Keep up the good work.
Thumbs up, bro. I do something similar, but one of my big weaknesses is staying basic, or someone wants to ask an advanced question and I have trouble not going down the rabbit hole. Also, they’re poorly attended, usually just by the pathology residents whose patients aren’t exactly waiting on them…at any rate, solid post, with points I will incorporate into my own material. Thank you very much.

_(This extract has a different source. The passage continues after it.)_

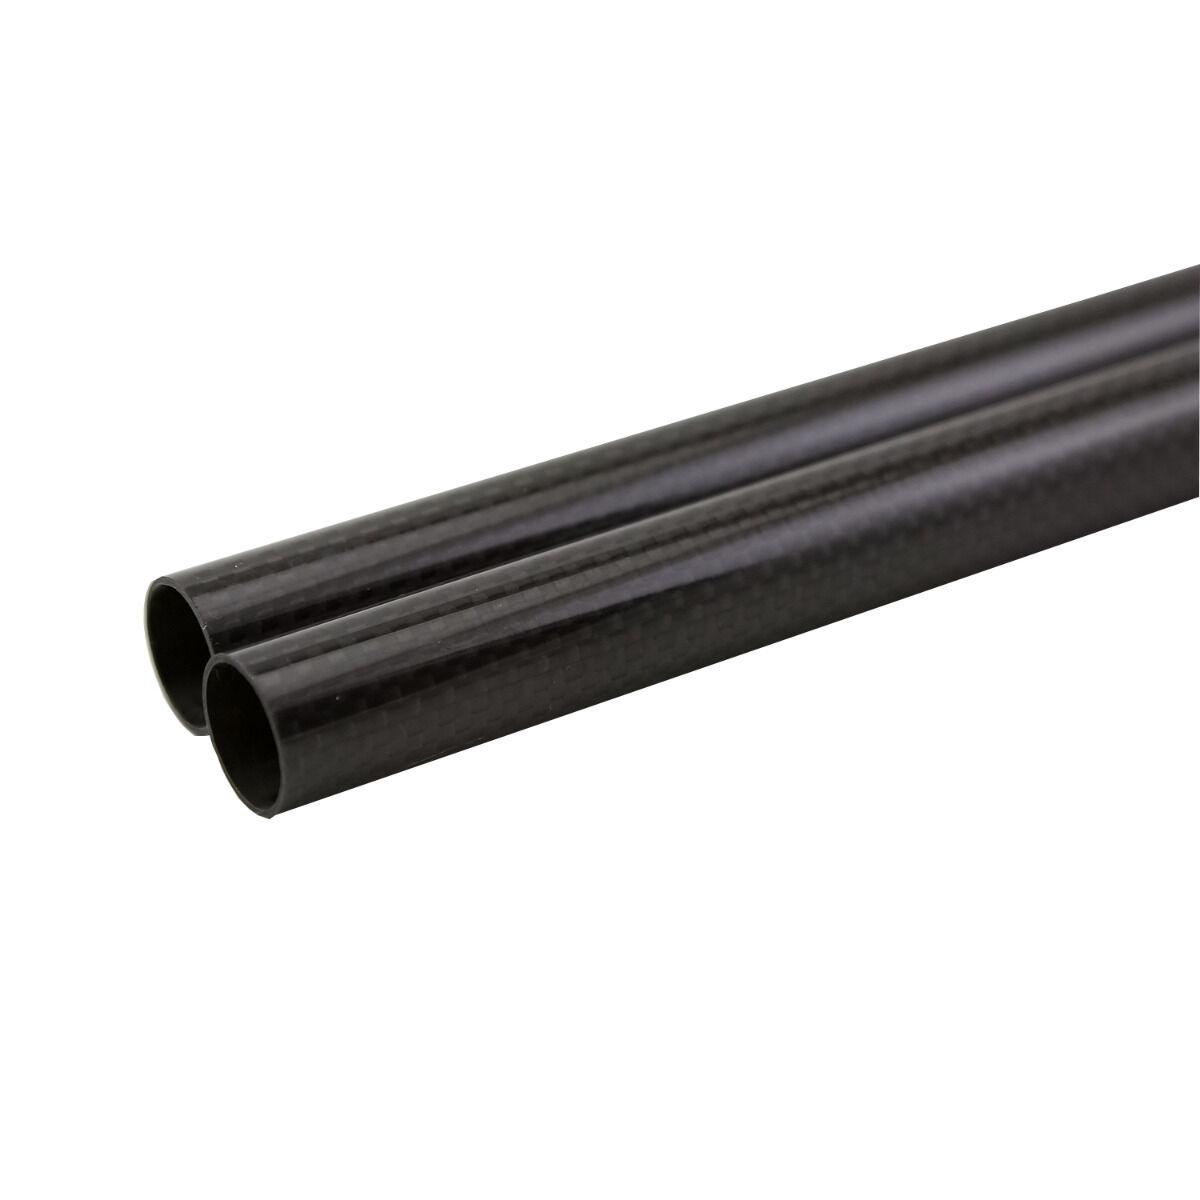 2Pcs 3K ROTOLO avvolto 50 mm Carbon Fiber Tube 46 mm x 50 mm x 500 mm LUCIDO OPACO QUAD

i think the way to handle that is to have a short time frame to get through your content and an open q+a afterwards where you invite people to leave as soon as they want. take questions and promise to answer them later. the learners who want to parse interest rates will usually hang around later than the ones who want to know how they can pay off their $32k in student loans once they finish their joints fellowship
It only takes ONE HOUR and some hand out references to teach basic passive investing with a diversified portfolio covering the basic asset classes
I would always give them a list of DON’T DO”S-like whole life, variable life, annuities, loaded funds, stock trading, divorce, etc, etc etc
AND #1-Never invest in anything you are not well educated about
I definitely preach the WCI gospel and refer many residents to this site. I wonder if you notice a dichotomy between the single unattached resident or the ones that have spouses or children? I think with a spouse and/or kids you start to think more about needing to provide for those you love. I can remember back in the day as a resident making some rather stupid movies financially (making payments to be a big screen TV for example!) but coming out OK.
Two things I often tell residents are: 1. most small financial faux pas are fixable once you get on the right track (like buying a big screen TV.) 2. Think of the income you expect to make as an attending and think of the lifestyle you think it will afford. For most people you’ll need to take it down a few notches.
Nice job, Matt. You’re making Loyola med proud.
I give similar talks to different resident groups and my experience is quite the same. These talks generate way more interest and questions then anything clinical related.